Problem to work on
Using the data below, return word for word every line from the one holding "Tickled Pink Teacher" down to the one holding "Ilustracja wektorowa światła". Leave pictures out.

[Dataset excerpts]

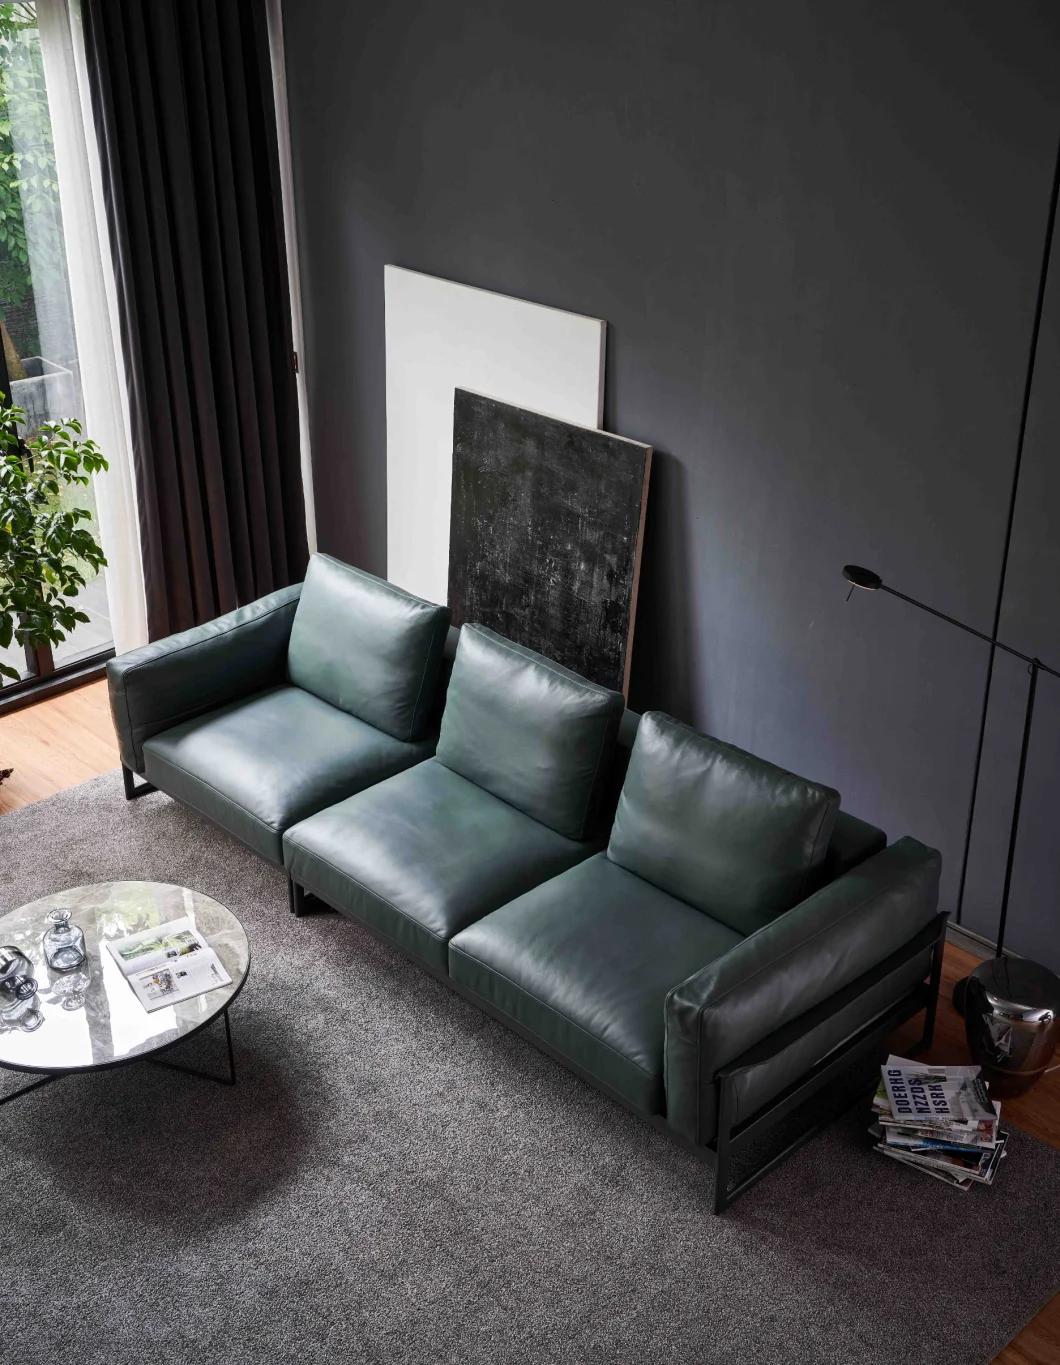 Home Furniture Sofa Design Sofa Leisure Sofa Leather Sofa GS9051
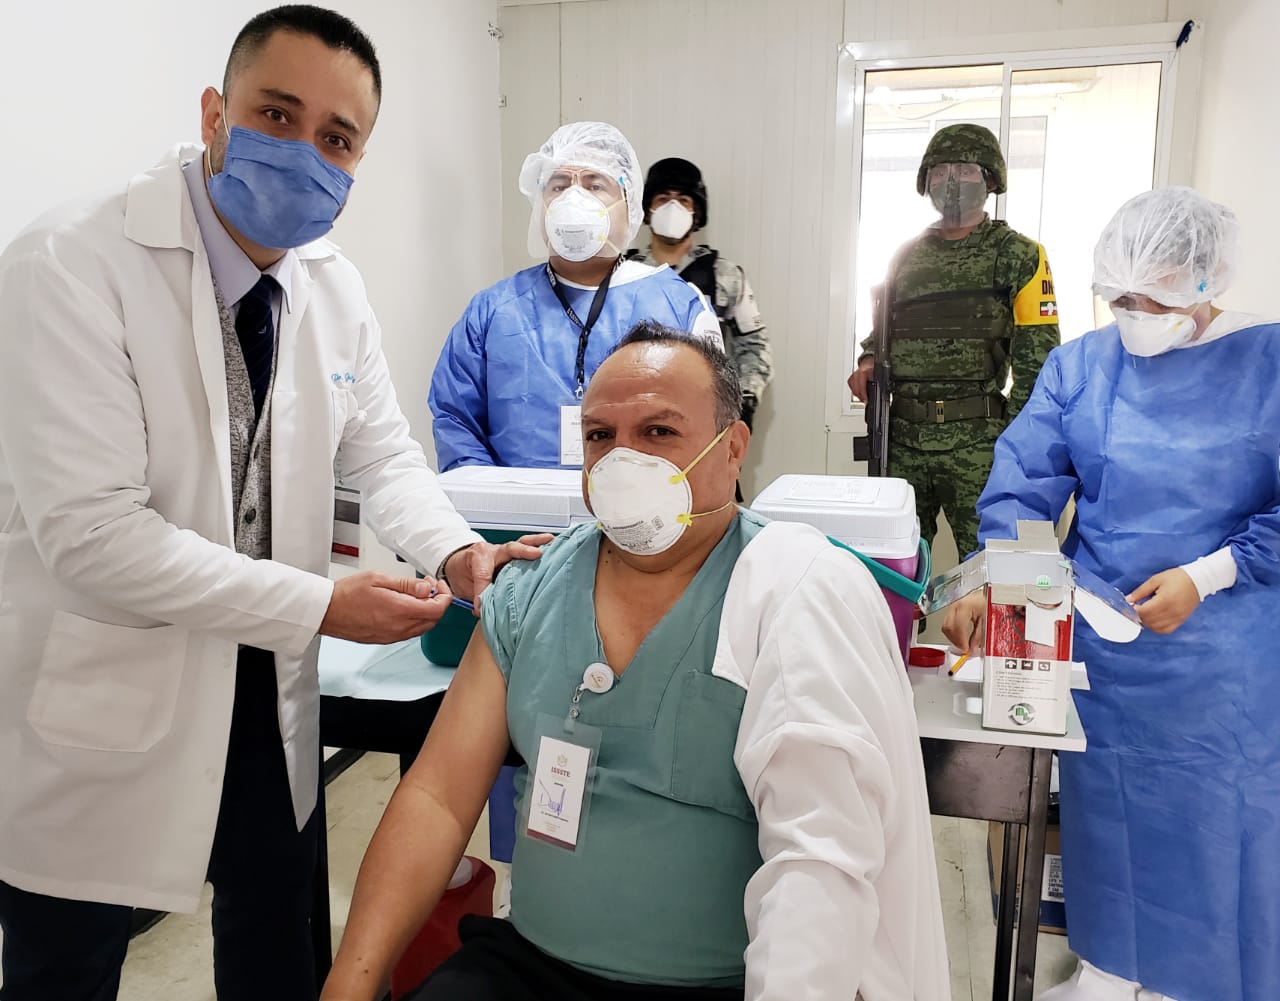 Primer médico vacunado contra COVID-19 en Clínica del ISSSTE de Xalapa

[/Dataset excerpts]
[Dataset excerpts]

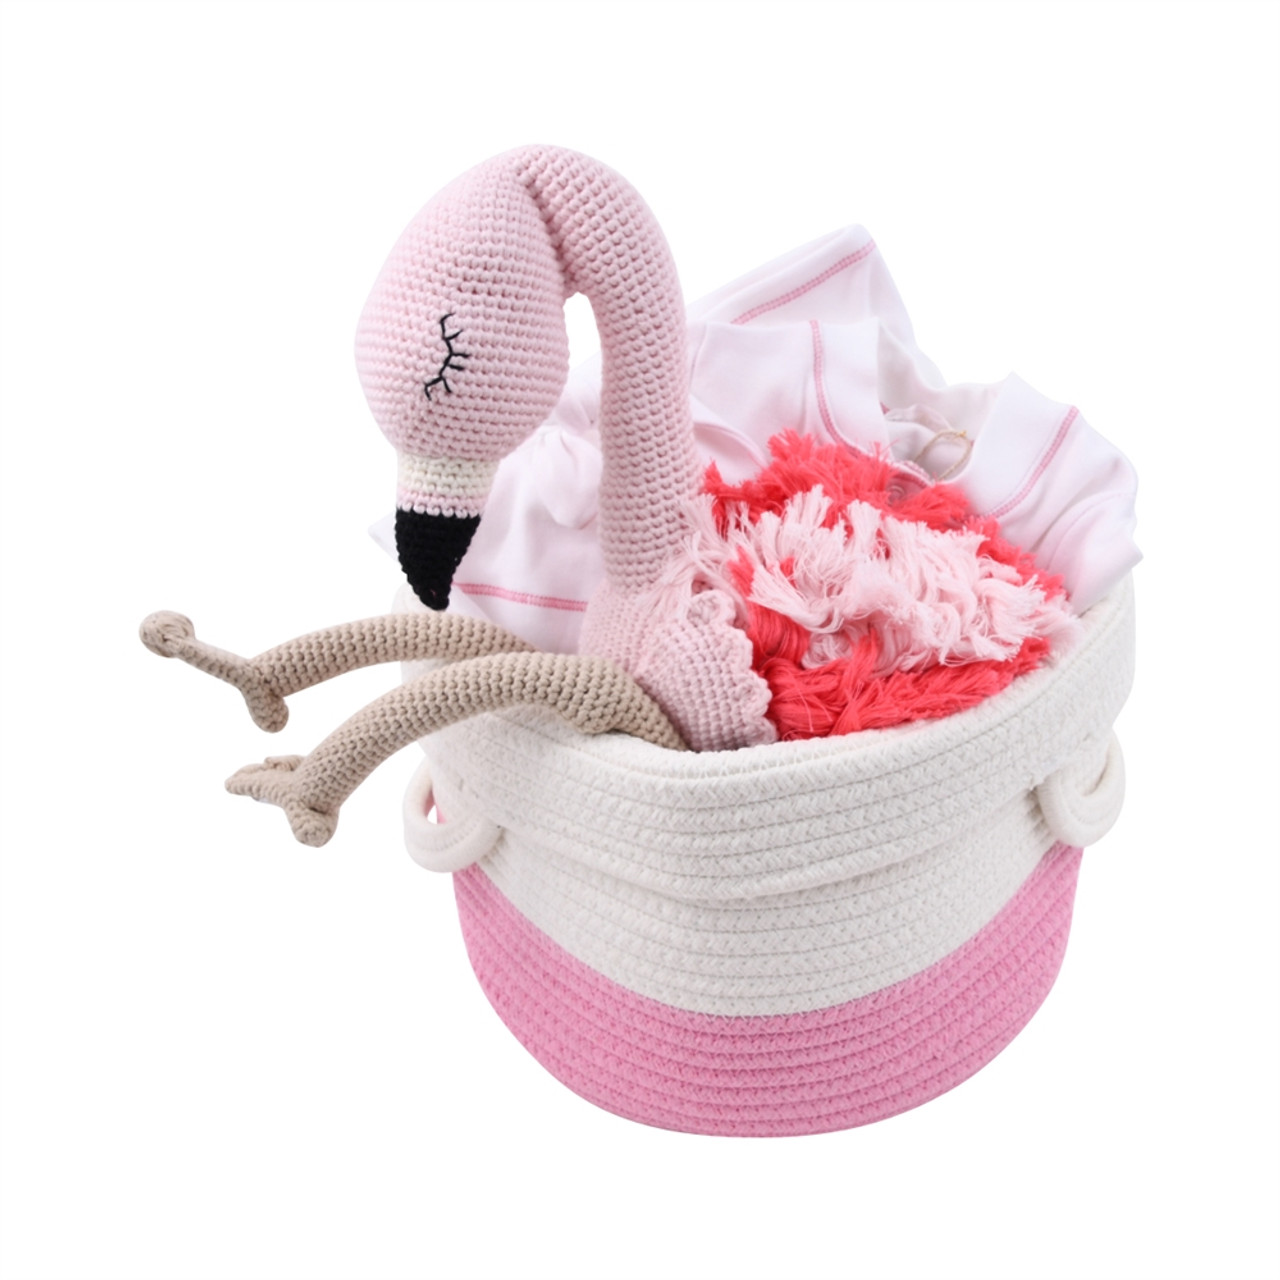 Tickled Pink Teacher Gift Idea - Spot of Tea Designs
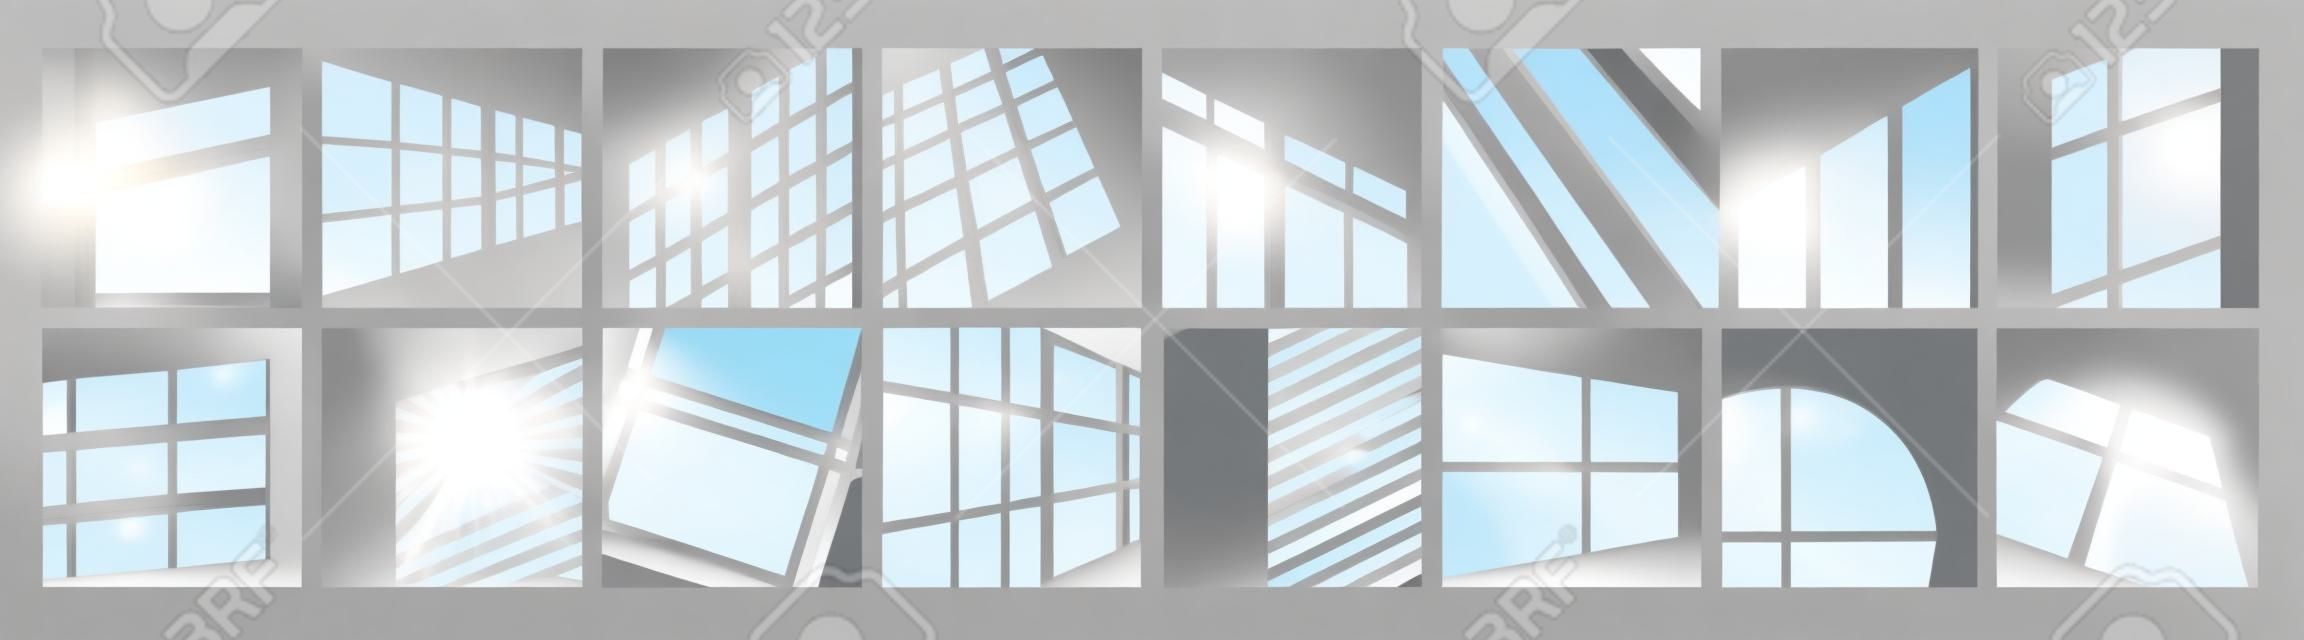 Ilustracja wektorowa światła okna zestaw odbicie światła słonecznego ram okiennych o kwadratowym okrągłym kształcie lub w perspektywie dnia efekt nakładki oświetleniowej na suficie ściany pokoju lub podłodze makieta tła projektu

[/Dataset excerpts]

Your response
 Tickled Pink Teacher Gift Idea - Spot of Tea Designs
 Ilustracja wektorowa światła okna zestaw odbicie światła słonecznego ram okiennych o kwadratowym okrągłym kształcie lub w perspektywie dnia efekt nakładki oświetleniowej na suficie ściany pokoju lub podłodze makieta tła projektu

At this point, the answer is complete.